This is with Ubuntu Server 20.04. Here's my terminal session:
joek@comp1:/home/user4$ sudo usermod -R /home/user4 user4
usermod: user 'user4' does not exist
joek@comp1:/home/user4$ sudo useradd user4
useradd: user 'user4' already exists
joek@comp1:/home/user4$ grep user4 /etc/passwd
user4:1010:1011::/home/user4:/bin/sh
joek@comp1:/home/user4$ grep user4 etc/passwd
user4:1010:1011::/home/user4:/bin/sh
I couldn't find an answer anywhere. How can I chroot the user into /home/user4
?
Edit:
I haven't created a chroot. I only have a directory with /bin
, /home
, etc.
The user is used by rsync
on someone else's computer to send backups to my computer. I don't want them to have access to everything on my computer.

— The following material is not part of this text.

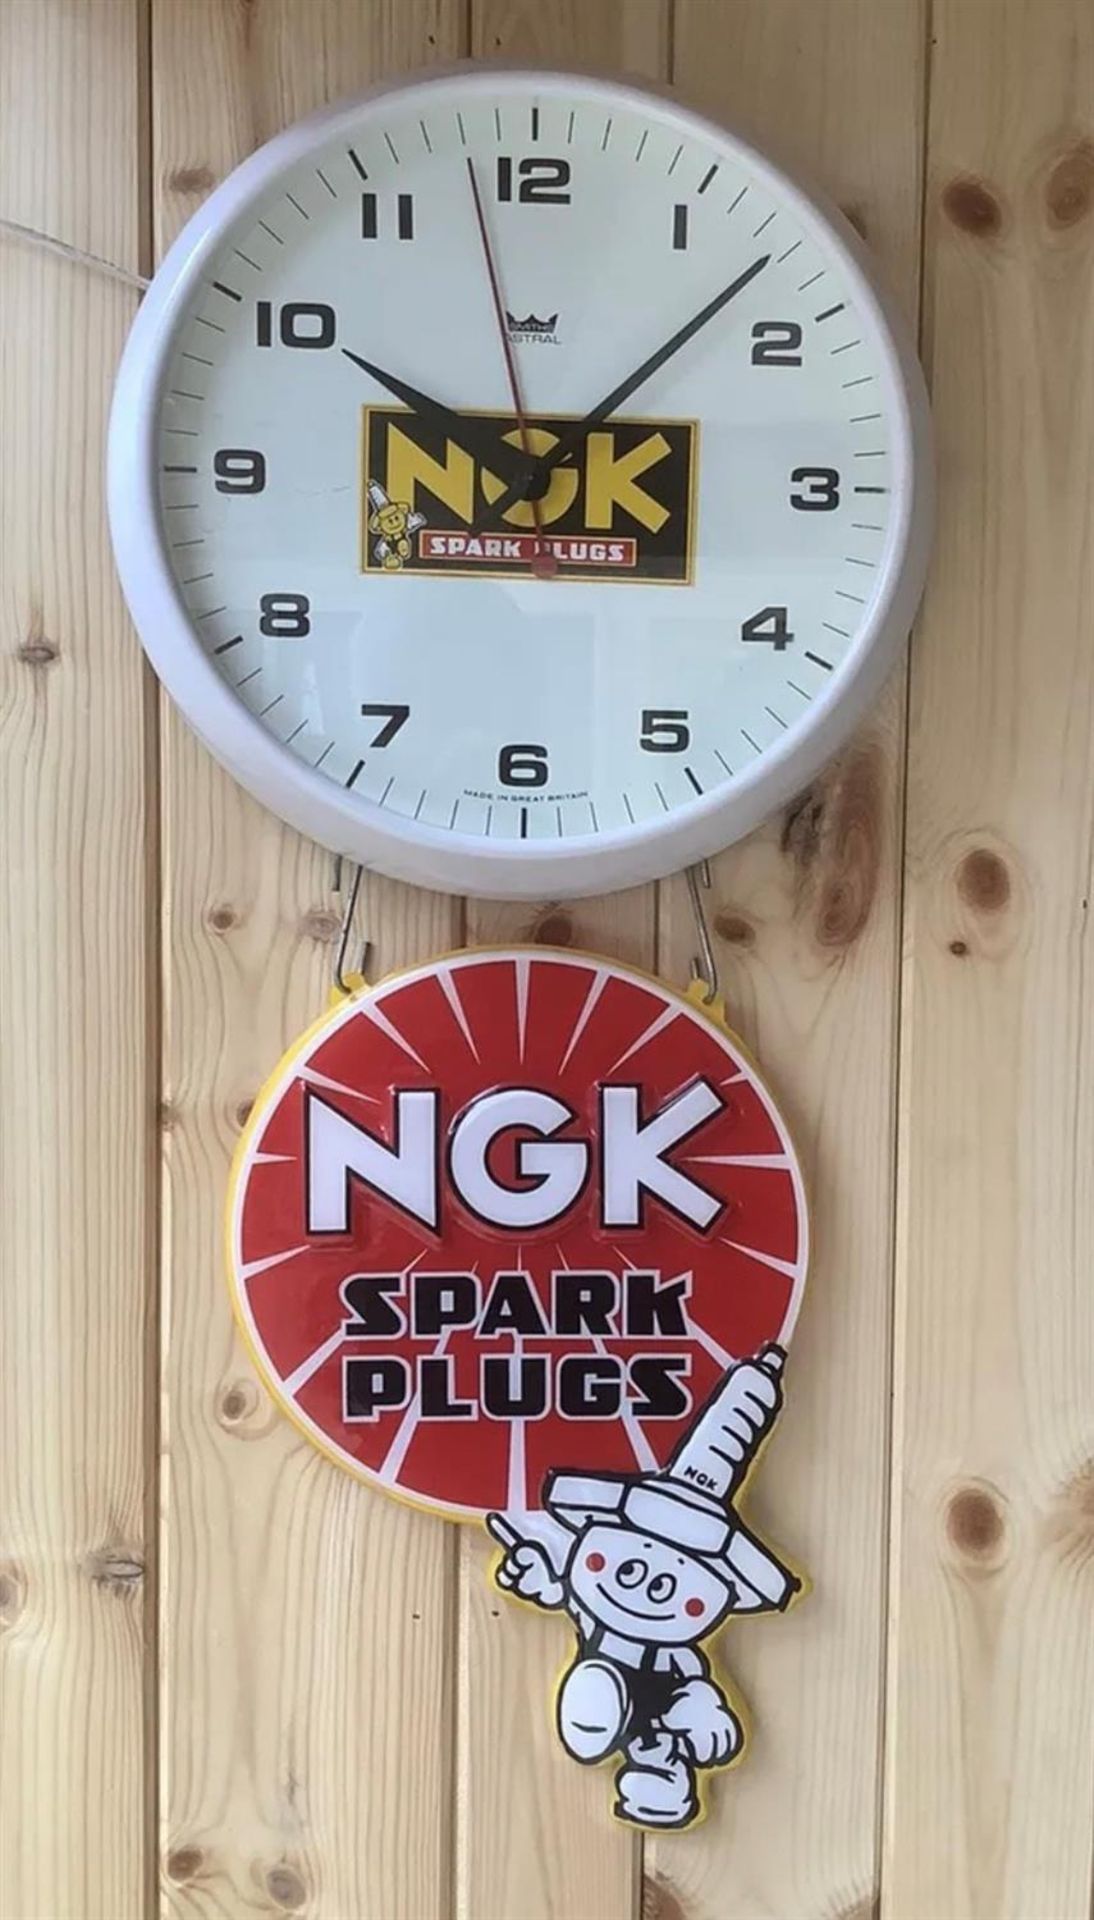 A Rare NGK Spark Plugs 14" Smiths Astral Dial Clock

The -R flag on chroot, runs everything inside a chroot environment, it says the user does not exist because it is looking for the passwd file inside /home/user4/etc/ which probably does not exist.
The command you want is probably
sudo usermod -d /home/user4 user4
to change the home directory.To enforce a sandboxed environment where the user see's /home/user4 as their own root path is not managed by the passwd file or usermod command.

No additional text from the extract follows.